Приключения, почерпнутые из моря житейского
Шрифт:
– Говори-ка свою историю любви, говори!
– К чему?
– Да так, я хочу сделать из всего математический вывод. Говори, душа моя!
Рамирский, вздохнув глубоко, рассказал в коротких словах, как рушились пламенные надежды его сердца.
– Ты несчастный человек, Федя! – сказал Дмитрицкий, уставив глаза на Рамирского.
– Может быть! – отвечал он, вздохнув еще глубже.
– Совершенно несчастный, несчастнее быть нельзя! Ска-а-тина Чаров, у-урод! отбил влюбленную по уши невесту! Да что ж может быть этого несчастнее? Это, братец, муха слона проглотила, да желудок не сварил… ей-богу!
– Ах, оставь шутки! – вскричал Рамирский, – с такими понятиями, как твои, разумеется,
– Да, да, да, именно: тебе руку, а Чарову сердце. Как ты думаешь, что это, естественное дело?
– Очень естественное!
– Ты сам своими глазами читал назначение свидания?
– Сам, своими глазами!
– Ее рука?
– Ее рука.
– Скверность какая!… Где ж было назначено это свидание?
– У какой-то Варвары Павловны. «Мы вместе будем пить чай». Чего ж еще больше?
– Больше ничего и не нужно. Мы это все узнаем.
– Поздно.
– Ничего; десятилетняя давность не прошла.
– Нет уж, кажется, целый век прошел.
– Век влюбленных – гомеопатический век, неопределенный, смотря по величине тоски. Ты уж, пожалуйста, не беспокойся, вздыхай себе. Это ничего. Я бы тебе аккомпанировал, да не умею играть на этом духовом инструменте. Прощай покуда! мне сегодня надо сделать по крайней мере десять проклятых визитов!
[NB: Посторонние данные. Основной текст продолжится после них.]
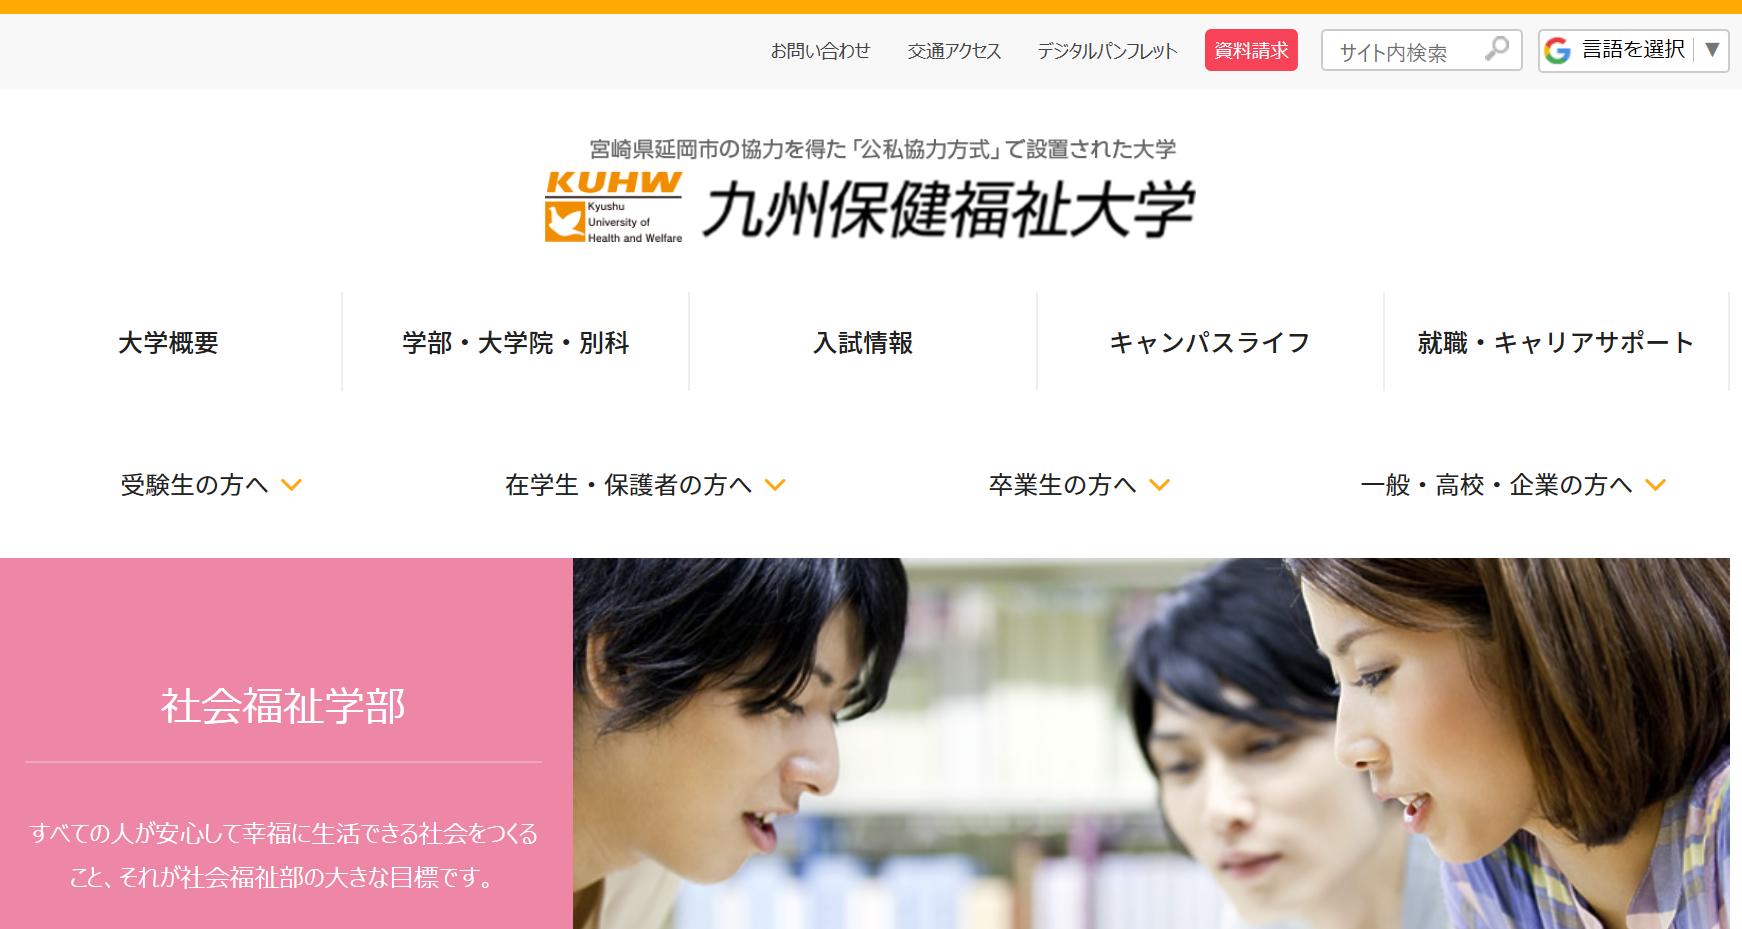 九州保健福祉大学の評判・口コミ【社会福祉学部編】

И Дмитрицкий отправился по визитам. Как знаменитый иностранец, он тотчас разлился в свете, по направлению духа времени к вавилонскому смешению языков, и должен был, как и все, считать первым делом так называемую поддержку знакомства.
К вечеру он возвратился, отдуваясь.
– Ну, душа моя, замучили даром, из ничего, из одного приличия, из одной прекрасной наклонности к общению! Премило: хочешь не хочешь, есть время или нет, а изъявляй каждому встречному и поперечному, дальнему и ближнему, высокому и низкому свое почтение, рассыпайся с известными недосказываемыми фразами: «Ах, как я рад вас встретить… чтоб вас черт побрал!… Куда ж вы торопитесь… черта ли вам здесь делать?» Ну, душа моя, только теперь я вижу вполне, что человек есть разумное животное!… Что, Чаров еще не был? Покуда приедет, я отдохну.
Но Чаров вскоре прибыл.
Так как и Чарову и Дмитрицкому мало было дела до Рамирского, то они тотчас же и занялись друг другом, сели для прелюдии по маленькой в преферанс, вдвоем, прихлебывая счастье и несчастье вместо воды – вдовой Клико [287] .
– Нет, вот в Петербурге… – продолжал Дмитрицкий, завязав холостой разговор, – там прекрасно; там есть какая-то Варвара Павловна, к которой приезжаешь на чай, без церемонии, как к родной…
[287] Вдова Клико – прославленная марка шампанского.
– Варвара Павловна? чиновница? – вскричал, не выдержав Чаров, – знаю, знаю! Ах, я скаатина! – прибавил он по-русски.
– Бесподобно!… – продолжал Дмитрицкий преравнодушно, нисколько не стараясь вытягивать любопытством язык Чарова. – Приедешь, как домой, наденешь татарскую одежду.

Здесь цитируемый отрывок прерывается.